The Claims Event on 12th October took on a similar format and delegates were informed how Mr Straw intends to push for referral fees to be made a criminal offence, and that the trade in customer data should be similarly outlawed. He revealed that the government will sit and rule on a bill before Christmas which he said he was "extremely confident" would be carried.

However, with consensus beginning to grow a ban on referral fees would not have the desired effect and   reduce motor insurance premiums on its own, whiplash has emerged as Mr Straw's biggest grievance. He stated an ambition to make it impossible to claim for injuries occurring under 15mph unless legitimate tangible evidence is supplied.

Dr Simon Margolis, chief executive of Premex Group challenged accusations made by Mr Straw in the House of Commons, about the quality of medical evidence in personal injury, explaining that the former Justice Secretary had failed to acknowledge how the modern delivery of expert medical evidence is carried out: "I believe our panel of experts would appreciate the opportunity to challenge Mr Straw on this assertion and I invite him to do so at our next   Expert Seminar at the Royal College of Physicians on 30th November. Premex Group undertakes work for both sides of the industry with reports prepared by the same cohort of medical experts irrespective of the source of the instruction - claimant or defendant.
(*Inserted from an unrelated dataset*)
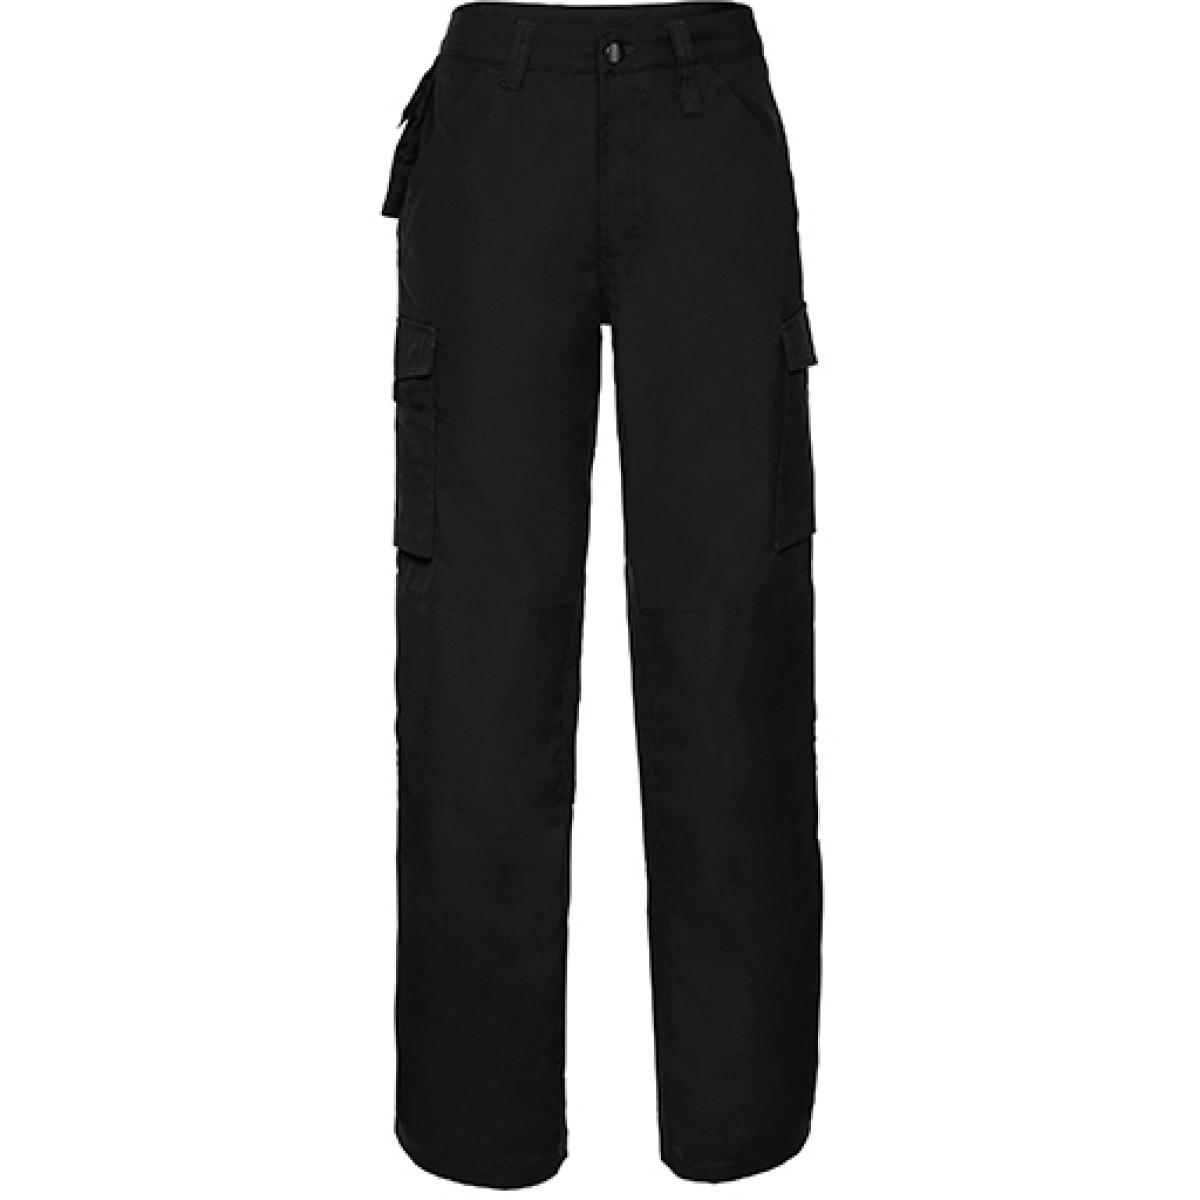 Russell R 015M 0 | Strapazierfähige Workwear Arbeitshose Trocknergeeignet

"The 'hired gun' to which I believe Mr Straw refers has been largely eradicated by the Woolf reforms and medical reporting agencies such as ourselves have introduced an unbiased, professional approach to the delivery of medical evidence in the personal injury process," continued Dr Margolis.  

"Developing authoritative guidance on the diagnosis of an injury is not a straightforward task. There is no blood test or imaging modality currently in existence that can prove or disprove an injury was sustained or whether symptoms are being experienced. That is why a combination of the taking of a history and the laying on of hands during clinical examination by a medical expert remains the appropriate approach. Much can be learned from the general demeanour of the claimant and the way the history is delivered."